Title 'Fuge Imaginea' is in romanian and is wrong, means 'The Picture is Running'
In fact the author would say 'Beautiful Landscape'

Traditional folk songs from:
România: A1, A4, B1, B4, B7, B8
Greece: A2
Poland: A3
Bulgaria: A4
Mexic: A5, A6, A7, B2
Macedonia: B3
Russia: B5
Ukraina: B6

So, that is where I sit, scratching my head.  I would hope this might trigger a polite discussion (I
know I must be wrong with some of my ideas, but please don't yell, I'm an old man and want to
get things done, so when someone inherits this mess they can find there way about it, and more
important find thing they might be looking for.  Any suggestion (that doesn't involve changing
the names or tags of everything (about 125,000 .mp3 files) are welcome, and any pointers to
where this has all be thrashed out would be greatly welcome.  Even suggestions of software
packages, though I recently downloaded one and turned it loose on the files and watched as it
proposed an organization where many "albums" held a single random movement of a concerto!
To prove my antediluvian position, I'm still using mp3/tag-studio, and the old Editpad
text editor (not the "Lite"or "Classic", to older one)


Phil Harvey

Note that ExifTool does not have the ability to tag MP3 files.

- Phil
...where DIR is the name of a directory/folder containing the images.  On Mac/Linux/PowerShell, use single quotes (') instead of double quotes (") around arguments containing a dollar sign ($).

StarGeek

There's not much advice I can offer.
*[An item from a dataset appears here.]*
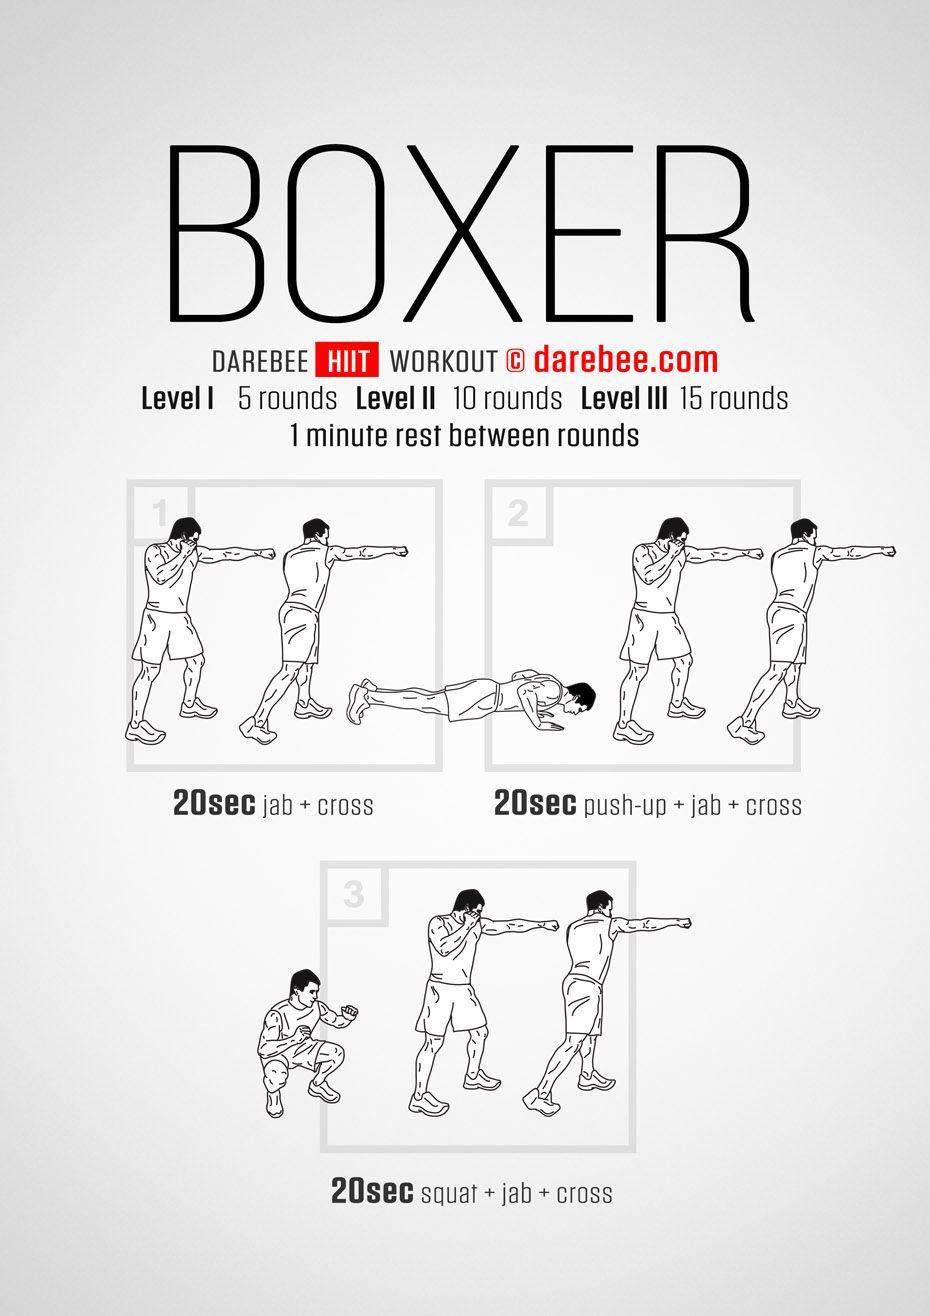 Boxer HIIT Workout-Boxers have phenomenal limb speed, arm

You're already far deeper into your categories than I ever got. I would mostly scrape the basic details and that would be it.
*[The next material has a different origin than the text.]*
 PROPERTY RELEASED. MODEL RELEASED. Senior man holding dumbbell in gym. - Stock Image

You would probably have better luck with a more focused forum or sub-reddit. Or a discord channel if you can find one.
"It didn't work" isn't helpful. What was the exact command used and the output.
Read FAQ #3 and use that cmd
Please use the Code button for exiftool output

Please include your OS/Exiftool version/filetype

calberga

Yes, I use the old mp3/tag Studio program for writing .mp3 tags (and I know it can't handle FLAC).  I just wish Magnus Brading hadn't put it aside.  I actually use it on .jpg files as well.  Its "set tags from list" is most useful.  Perhaps EXIFTool can do the same thing, but I haven't found it.

PS another sign of my out-of-dateness: I do all my programming in Common LISP.  I retired in '91 and had been doing main-frame, mostly assembler language programming, and have never learned any of the languages that have sprouted up since.

calberga

I have been unable to find a more focused discussion.  I also have avoided Reddit up until now.  It seems clear that those who have defined the current set of tabs are not very conversant with classical (small c) music.  Nor with the difference between nationality and ethnicity.  Sigh. 

Thank you for your suggestions, although I had hoped some other users would have chimed in.  I can't be the only one with these problems.